The name of the Corporation shall be The Lac du Bonnet and District Historical Society Inc. and is hereafter referred to as the Society.
The headquarters of the Society shall be located in the Town and/or Rural Municipality of Lac du Bonnet, Manitoba, its mailing address being Box 658, Lac du Bonnet, Manitoba.
To establish the Society as the primary agent for the assembly and preservation of the history of the Lac du Bonnet area by:
- Providing an environment where participants work together to facilitate the understanding and preservation of our past history and a mechanism to relay this information to future generations.
- Developing programs and facilities that disseminate our understanding of the past to the community.
- Applying the highest standard of excellence in our activities.
- Interacting and seeking input and guidance from the community.
- Utilizing limited available resources in the most prudent way possible.
Vision Statement (Aims)
Working in the present while preserving the past for now and the future.
- Develop a museum in the Lac du Bonnet area that will serve as a resource, interpretive and display center for the preservation of our past to present and future residents.
- Collect and preserve historical artefacts and information for display in the museum and dissemination in the community which accurately reflects our historical origins, cultural backgrounds and economic development.
- Attract visitors from near and far by displaying informative artefacts and written historical events of the area.
- Conduct marketing communications and information sessions within the community to raise the awareness of the Society.
- Develop a close working relationship with the Municipal Heritage Advisory Committee (MHAC), other heritage groups, local organizations, and the community at large.
The Fiscal Year of the Society shall begin on July 1st in each year and terminate on June 30th. of the following year.
The membership of the Society shall be those persons, organizations, and agencies who have an interest in the goals of the Society.
Membership is by application and is subject to the following:
- Individual and family memberships are available on a one-year renewal basis and expire on March 31st of each year.
- The membership fees shall be established by the Board of Directors and are subject to change.
- The Board of Directors may accept or deny any application for membership, subject to review at any Special Meeting of the members.
- A member may withdraw their membership at any time by giving notice in writing to the Board of Directors.
- A member may be expelled from the Society by a majority vote at any Special Meeting of the members.
The Directors are deemed to be delegates of the members for all legal, corporate, and Board voting considerations.
Membership Rights and Privileges
Members shall have and be entitled to the following rights and privileges:
- The right to receive notices of, and to attend and vote at meetings of Members.
- Eligibility for nomination for, and election to, the Board of Directors.
- The receipt of any newsletters or other publications that may be produced by the Society.
Only members in good standing as outlined shall be entitled to vote at any Annual, Special or General Meeting of the Members.
Board of Directors
The Board of Directors shall be members of the Society, and shall administer and direct the Society.
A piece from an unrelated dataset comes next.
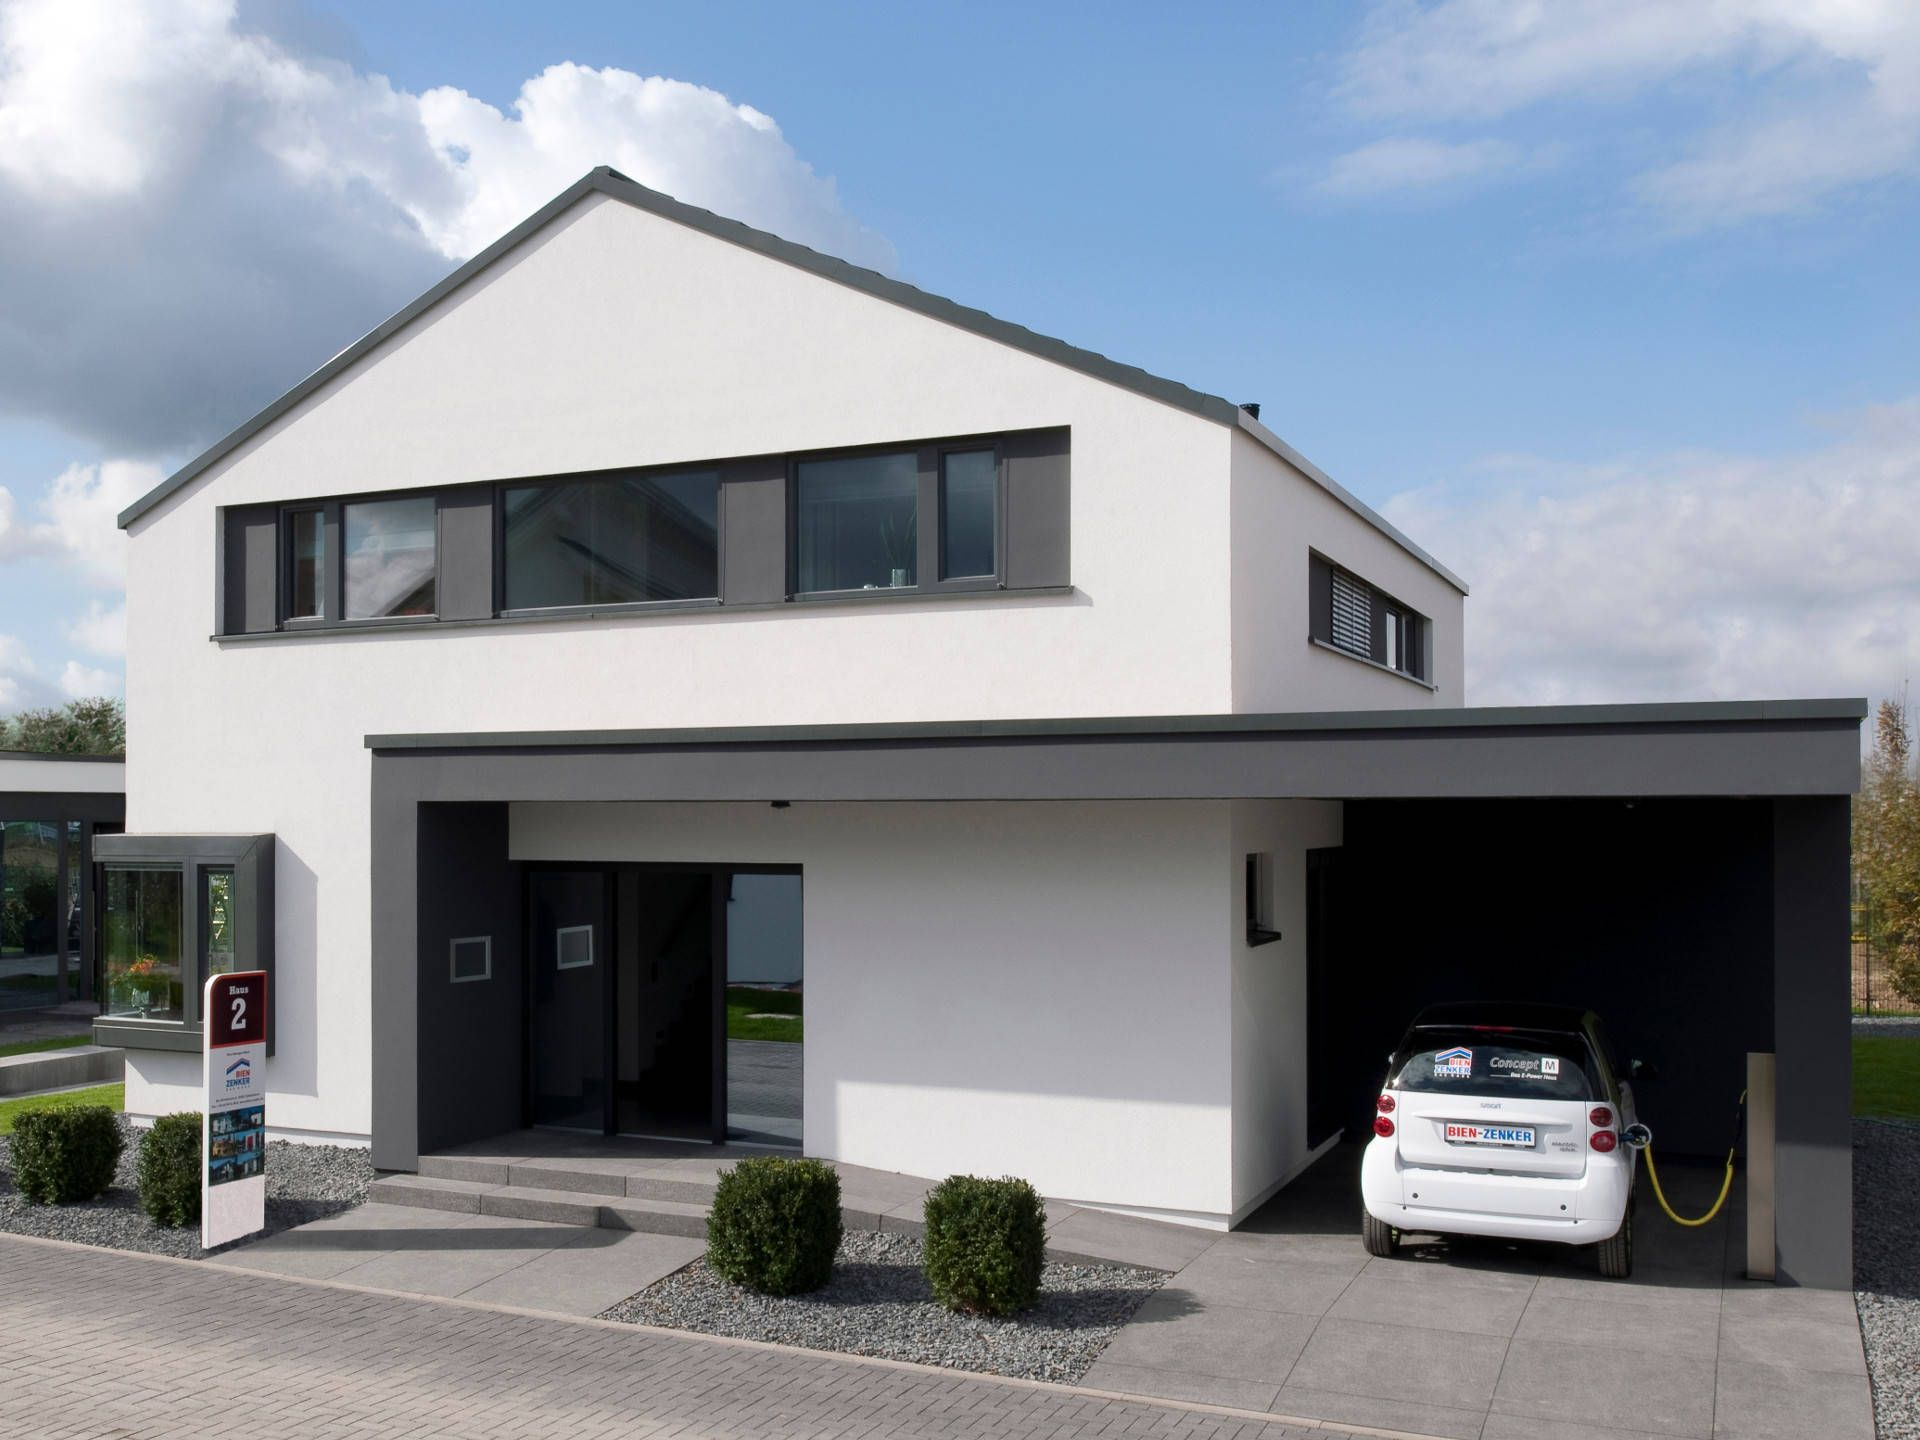 Architekt Plus Energie Haus Nürnberg: CONCEPT-M 172 Köln

The Board of Directors shall exercise control over the direction, affairs, and finances of the Society, and may propose by-laws and/or policies deemed necessary in the interest of the Society.
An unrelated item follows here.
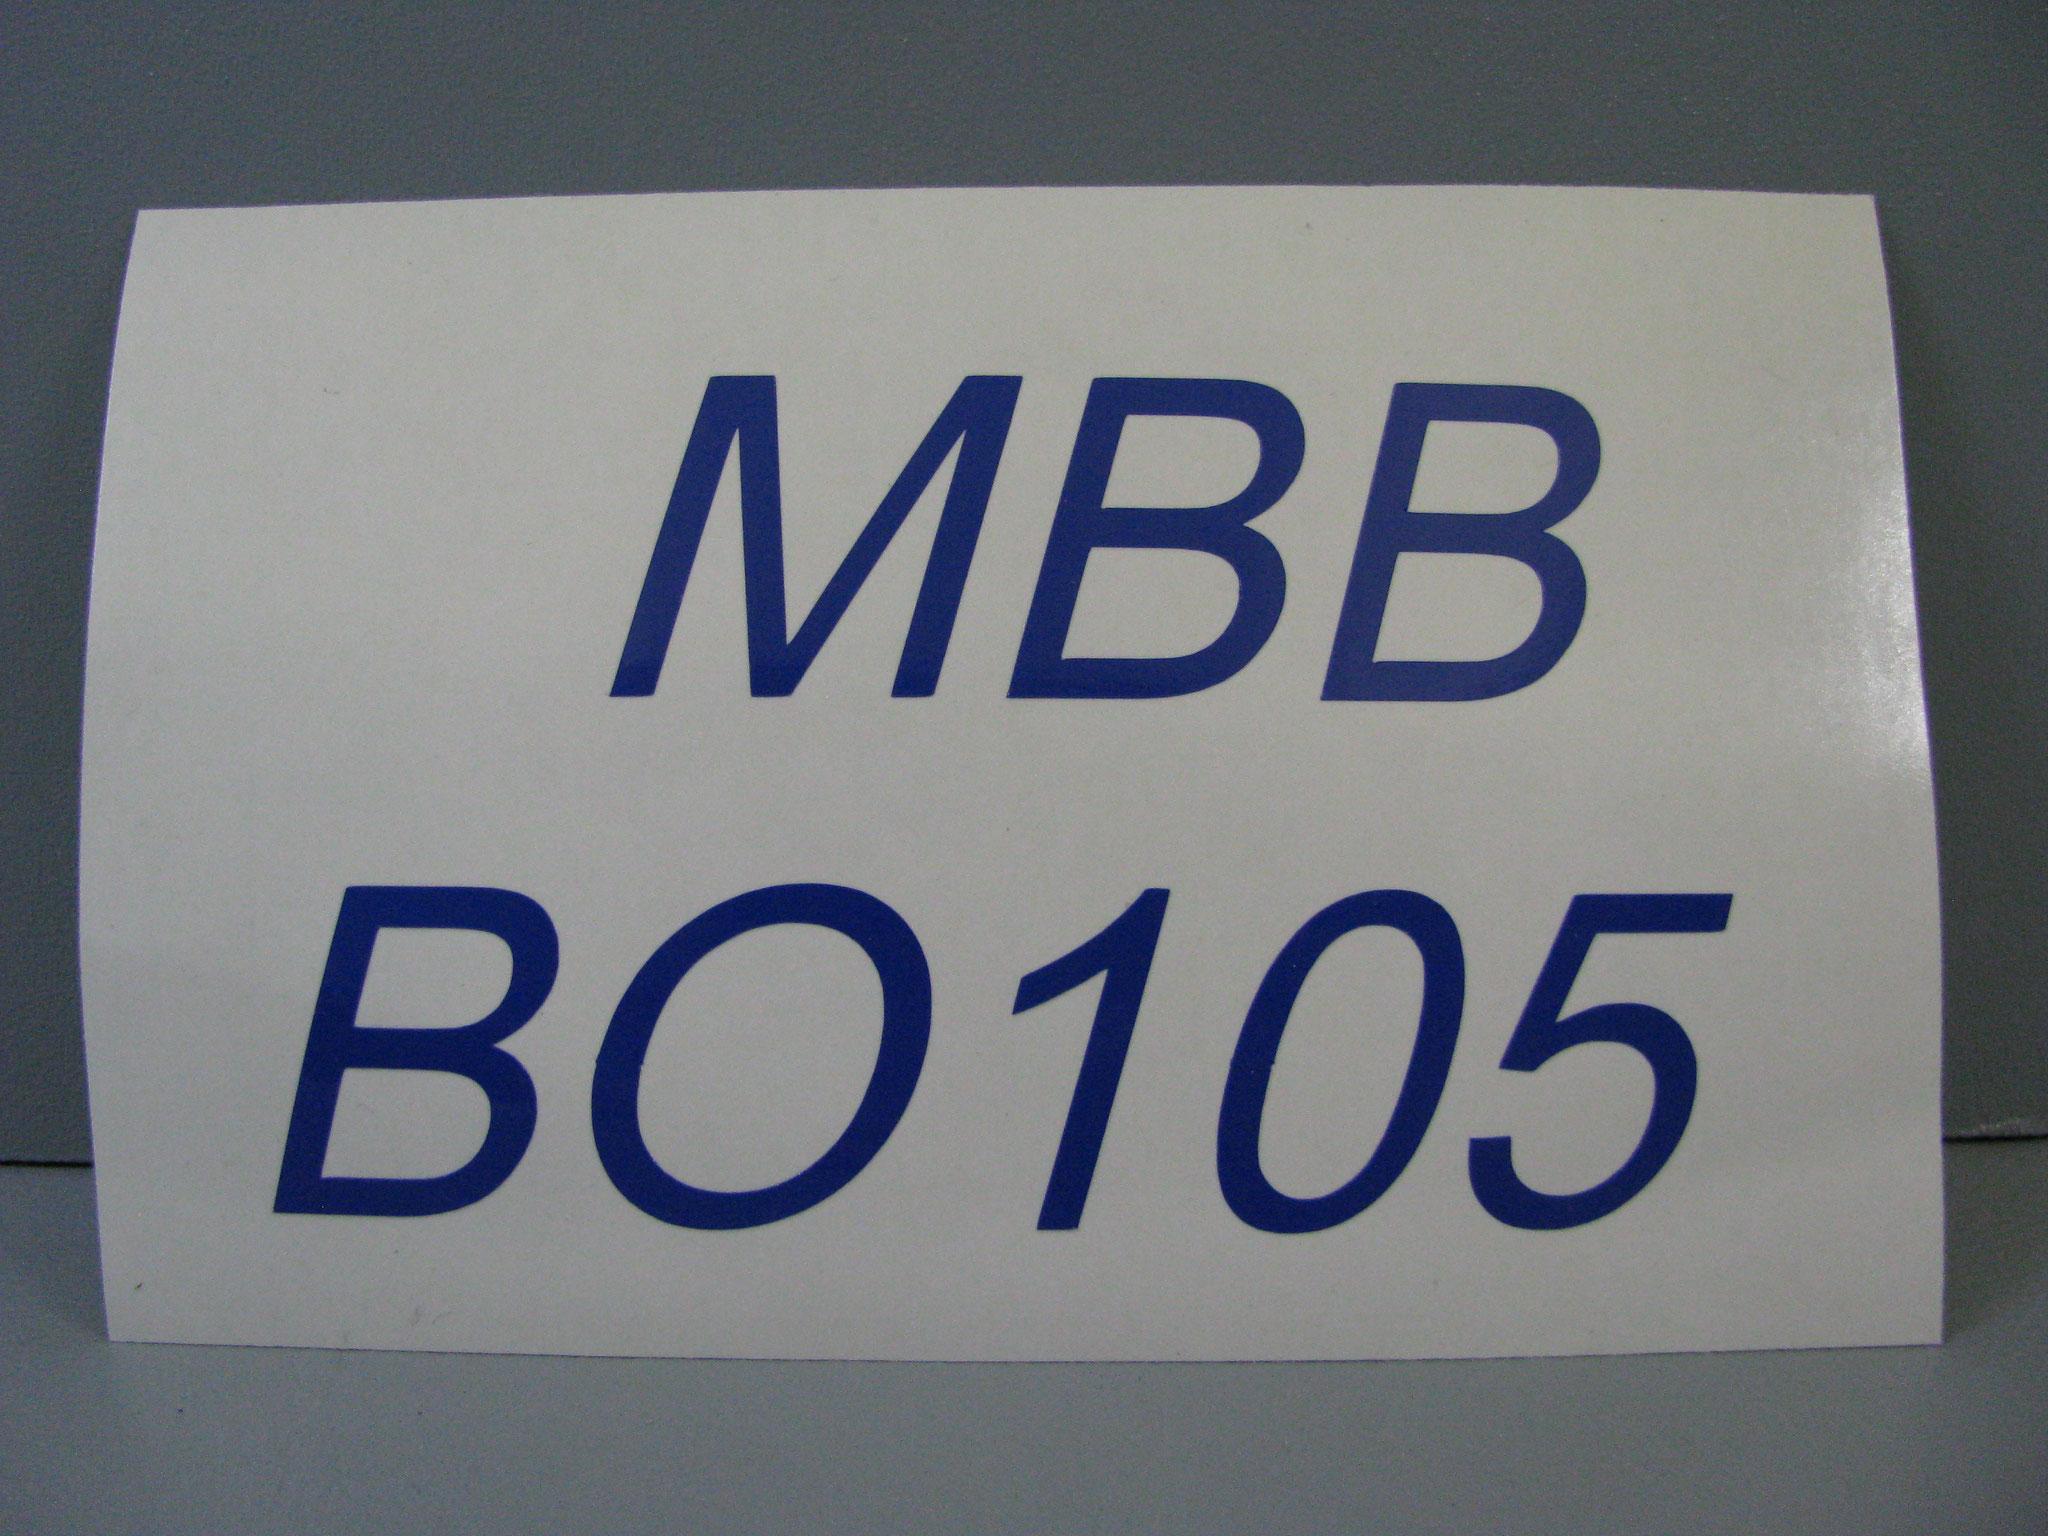 M311: MBB BO105, kursiv, unten angeordnet, z.B. 105x62mm

The Board of Directors shall consist of a minimum of 6 and a maximum of 14 members composed of a combination of appointed and elected members. Directors shall each have one vote on all matters.
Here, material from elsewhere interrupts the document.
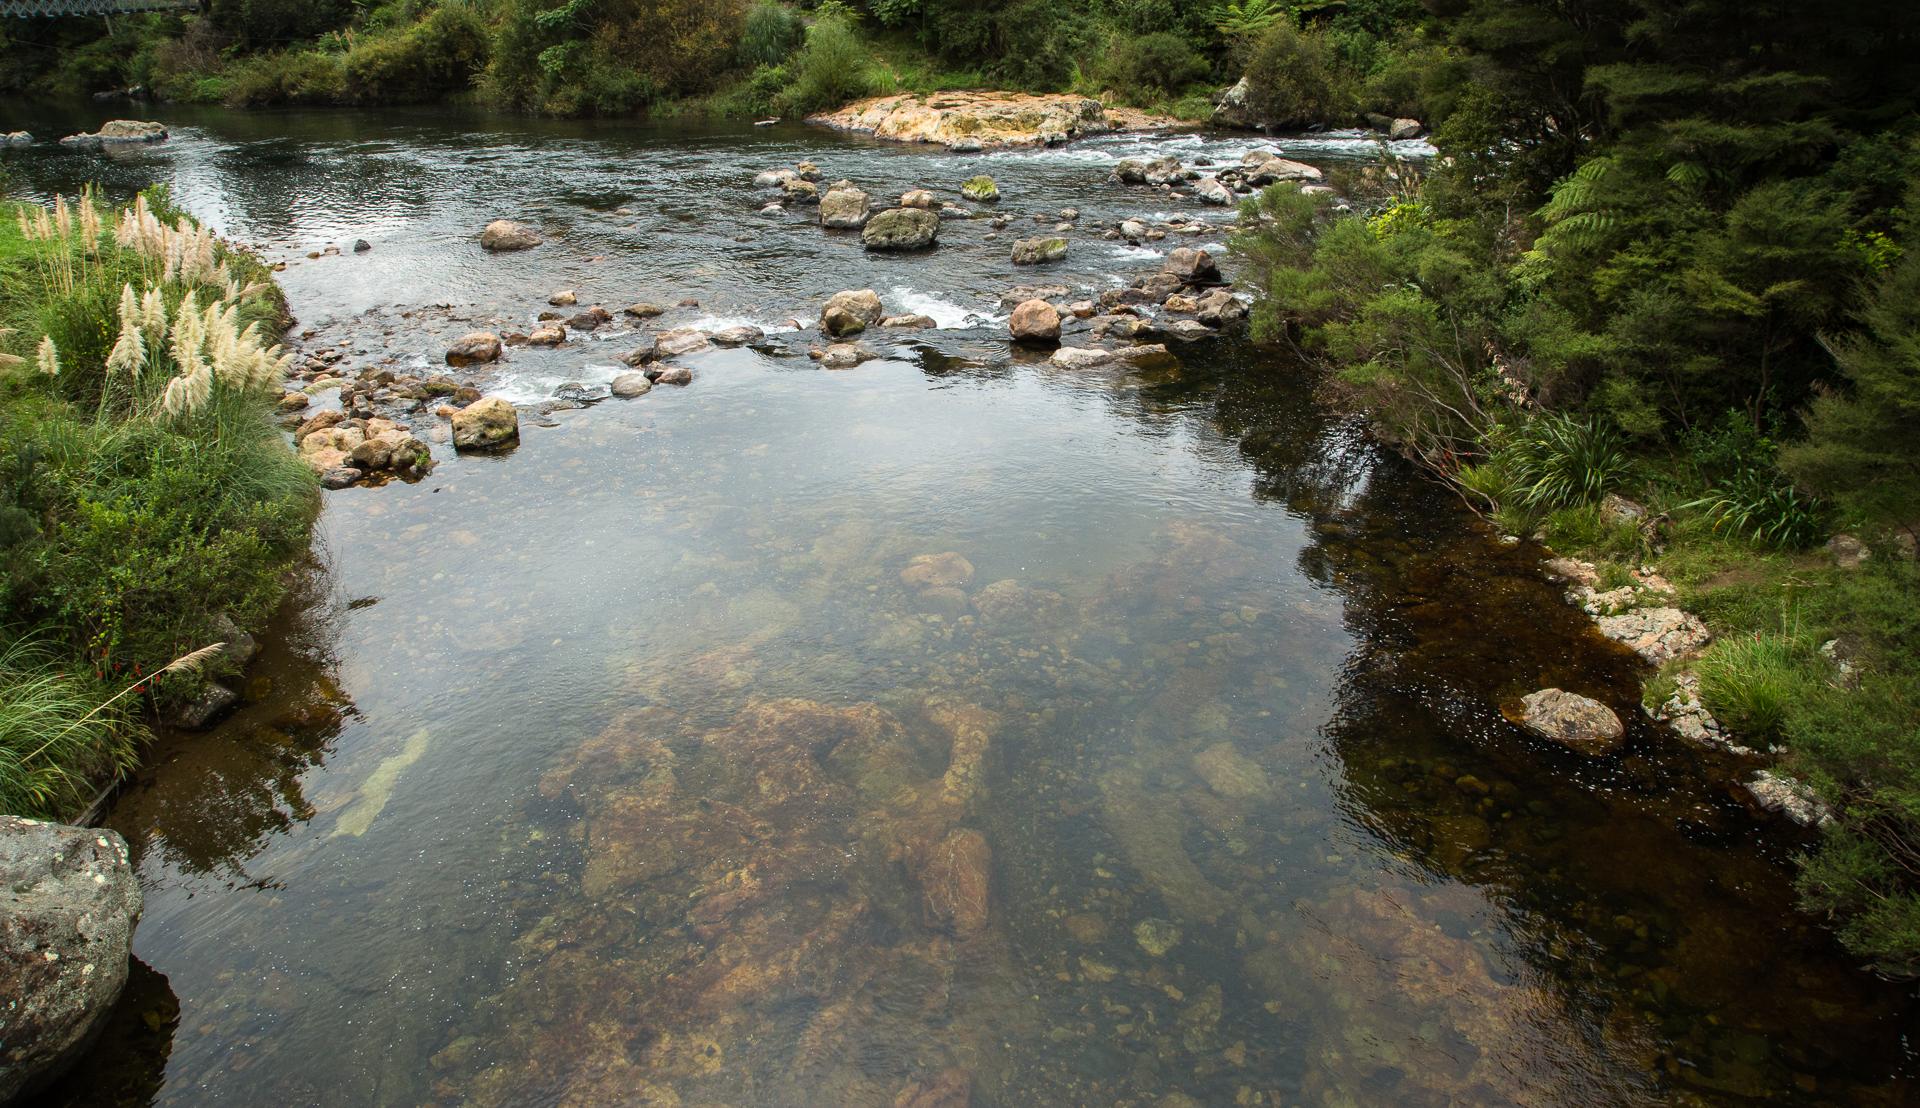 Rock pool in mountain stream

Ideally, each of the following organizations would have representation on the Board of Directors:
- Town of Lac du Bonnet
- Rural Municipality of Lac du Bonnet
- Municipal Heritage Advisory Committee
- Lac du Bonnet Lions Club
- Pioneer Club
- Lac du Bonnet and District Chamber of Commerce
Appointment and Removal:
Each of the organizations identified above shall have the right to appoint one Director, and to remove that Director with or without cause at any time. Each organization shall appoint its Director by notice in writing on an annual basis. Appointed Directors are responsible for reporting to the organization they are representing on the activities and business of the Society. Should an organization choose not to appoint a representative to the Board, they are to notify the Society prior to the Annual General Meeting, and an additional member shall be elected at that time on the Board of Directors.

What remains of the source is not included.